── Stored data

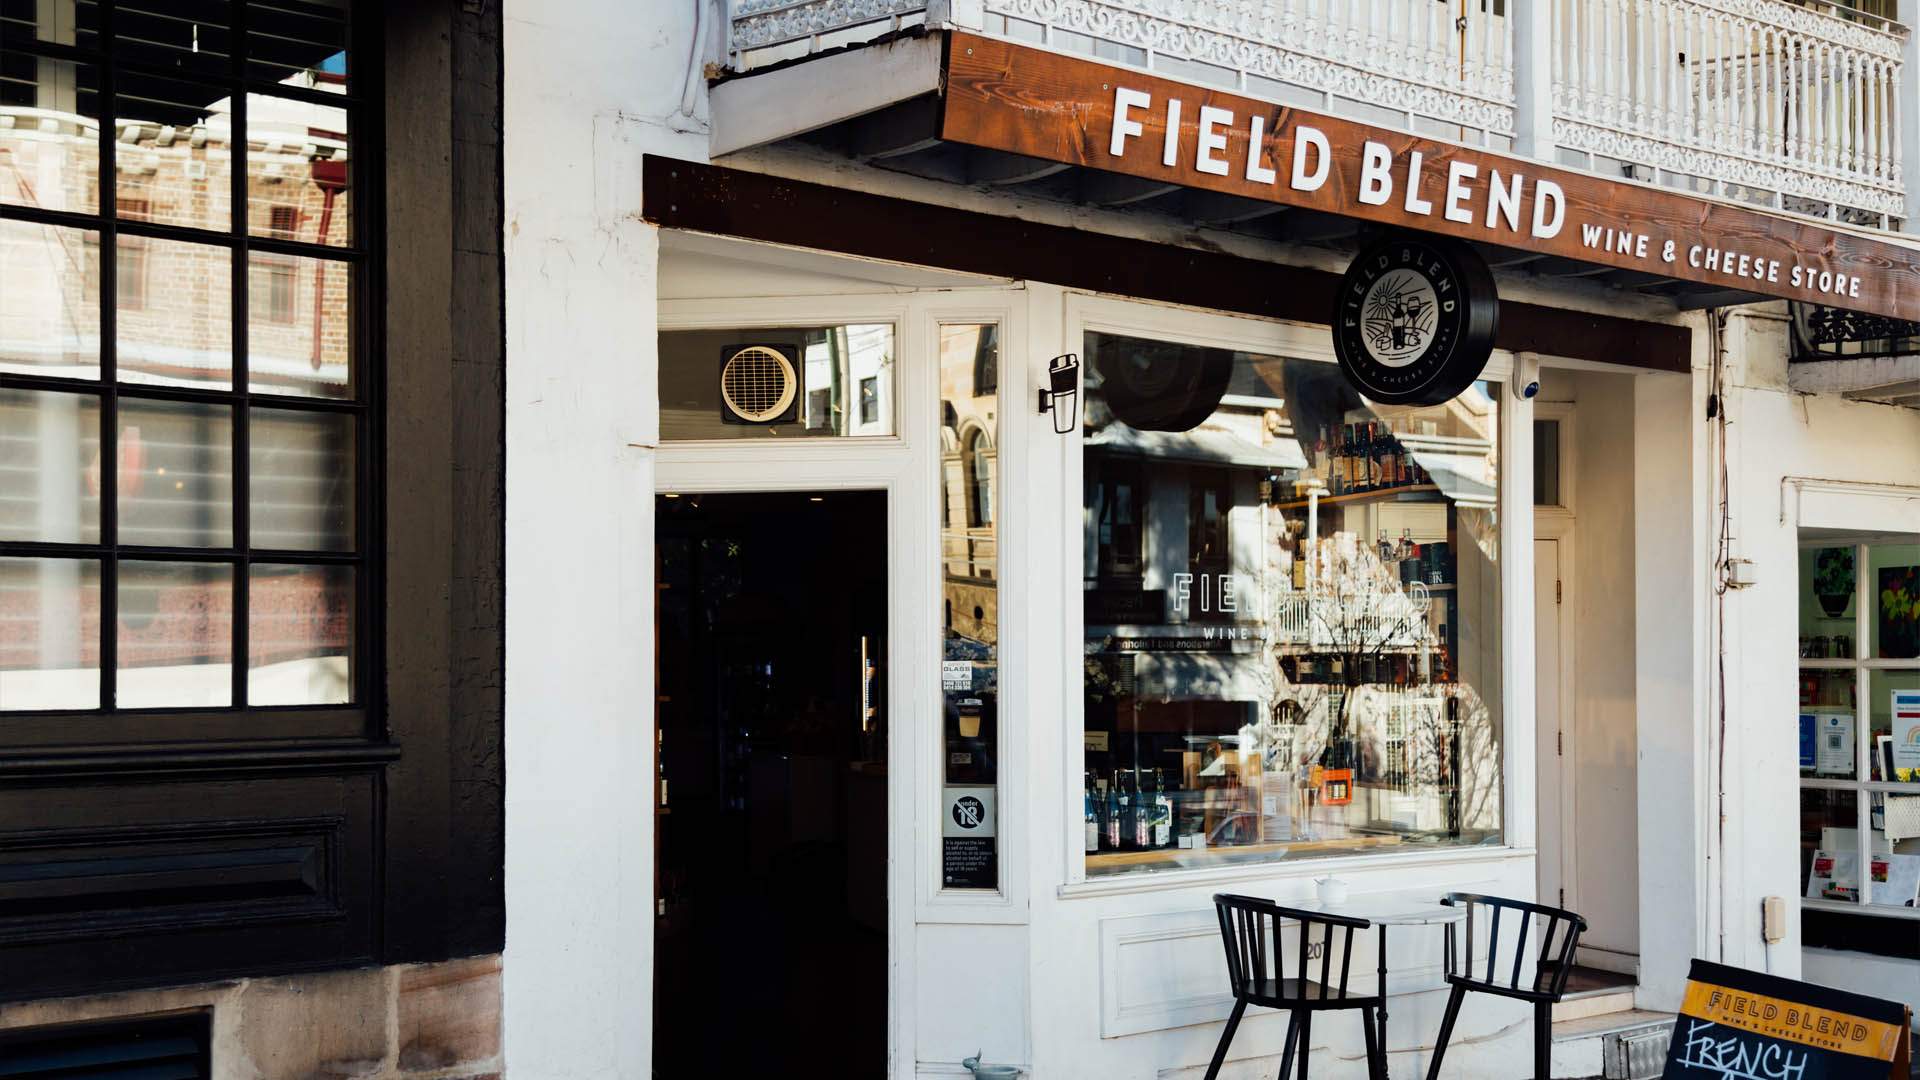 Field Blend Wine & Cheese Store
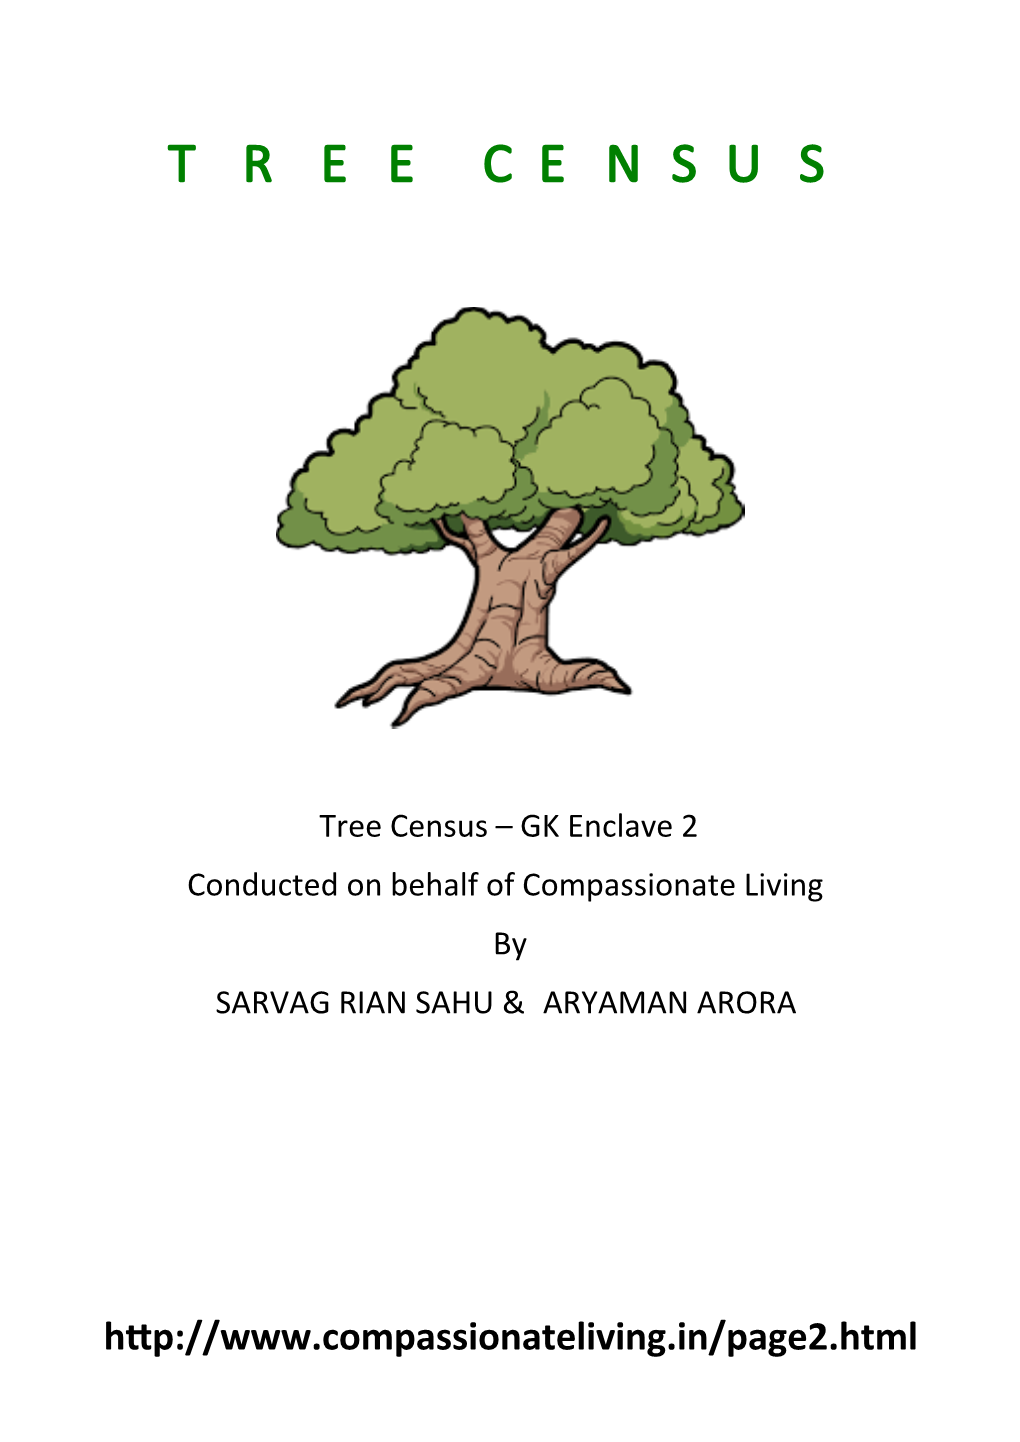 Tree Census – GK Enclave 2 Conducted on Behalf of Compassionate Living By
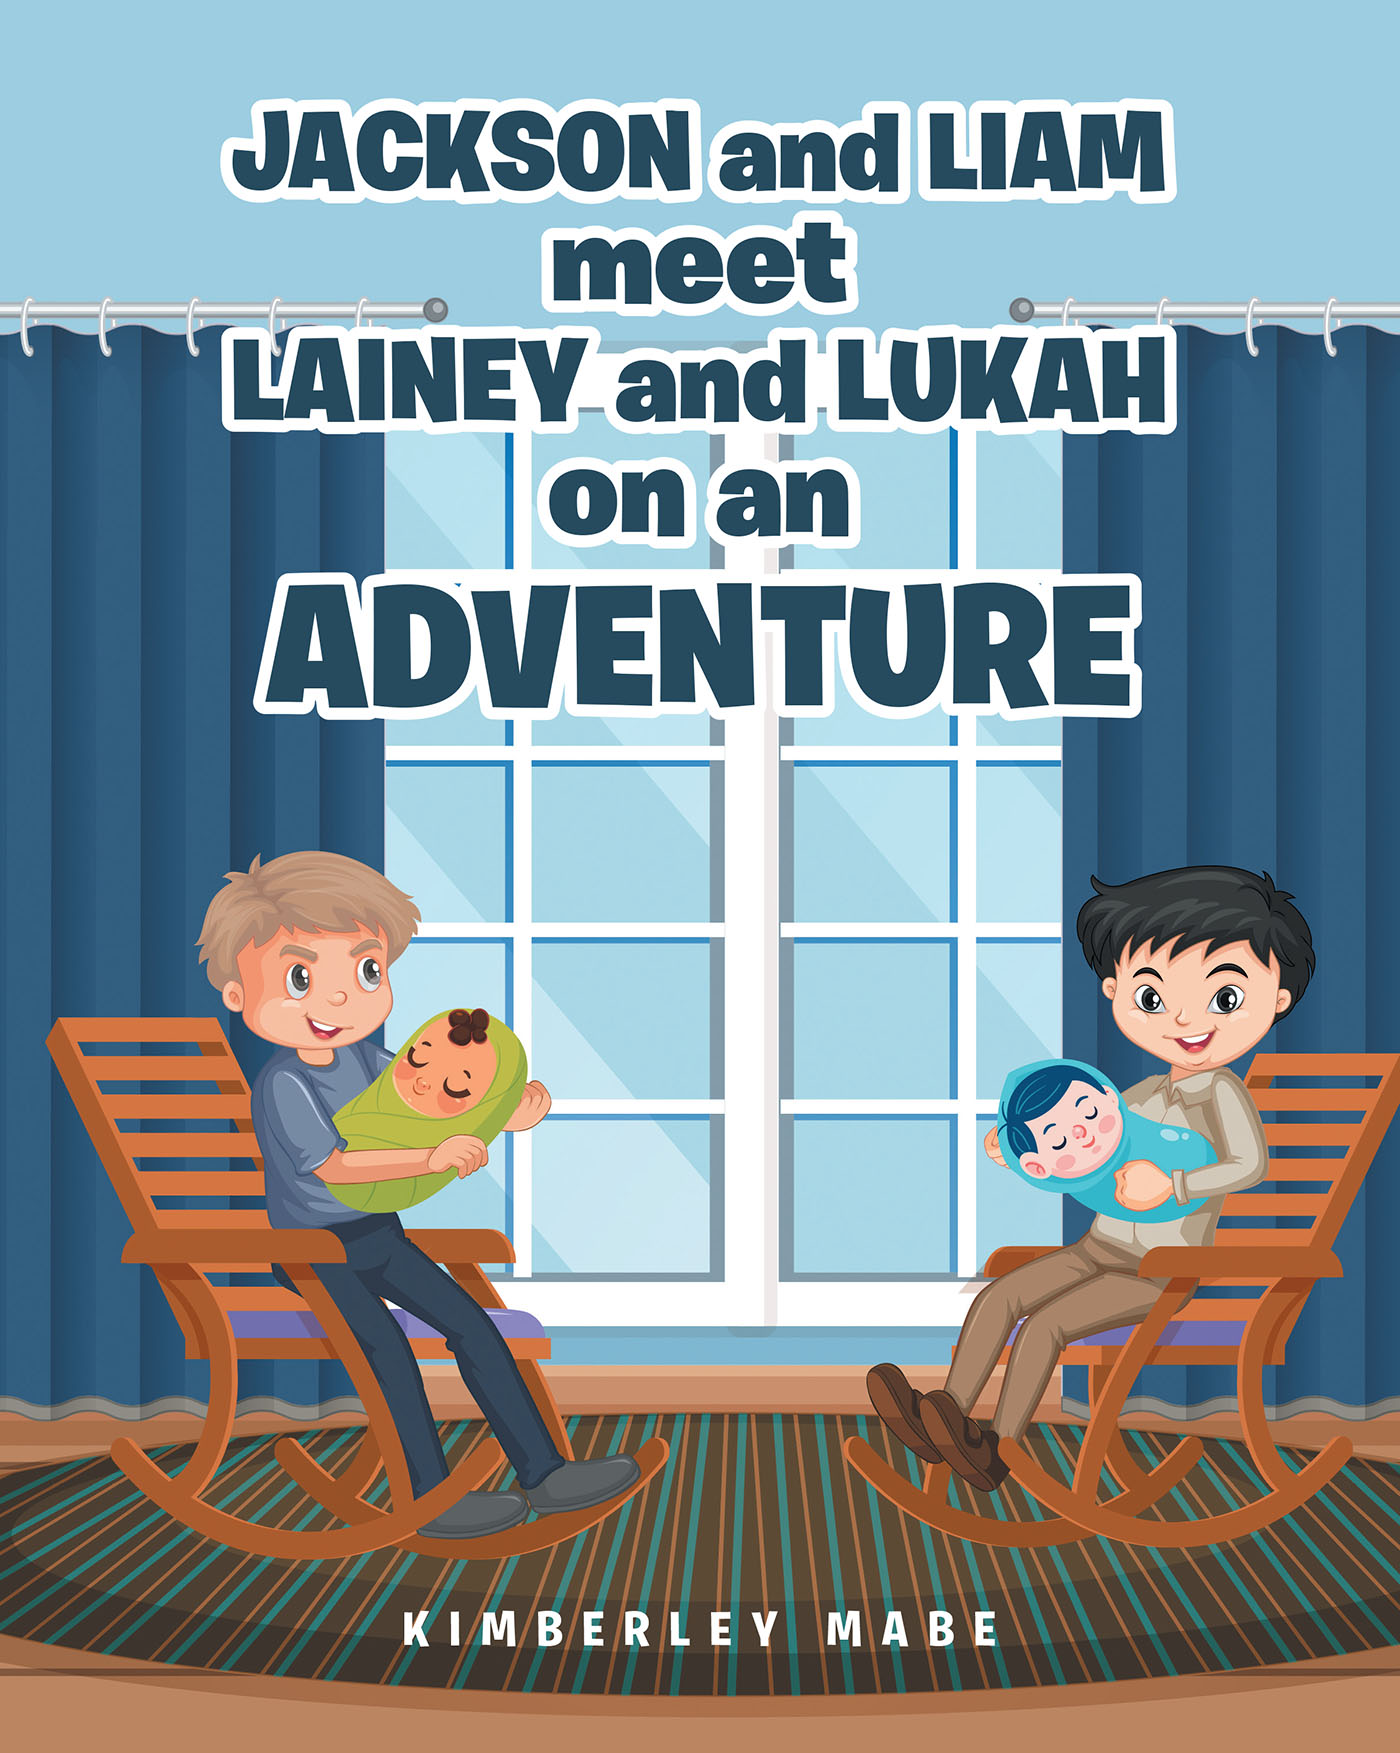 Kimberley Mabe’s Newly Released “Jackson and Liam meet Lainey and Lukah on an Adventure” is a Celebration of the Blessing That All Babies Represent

────

**Work required:**
Write out the whole listing again, exactly, with no pictures.

**Solution:**
 Field Blend Wine & Cheese Store
 Tree Census – GK Enclave 2 Conducted on Behalf of Compassionate Living By
 Kimberley Mabe’s Newly Released “Jackson and Liam meet Lainey and Lukah on an Adventure” is a Celebration of the Blessing That All Babies Represent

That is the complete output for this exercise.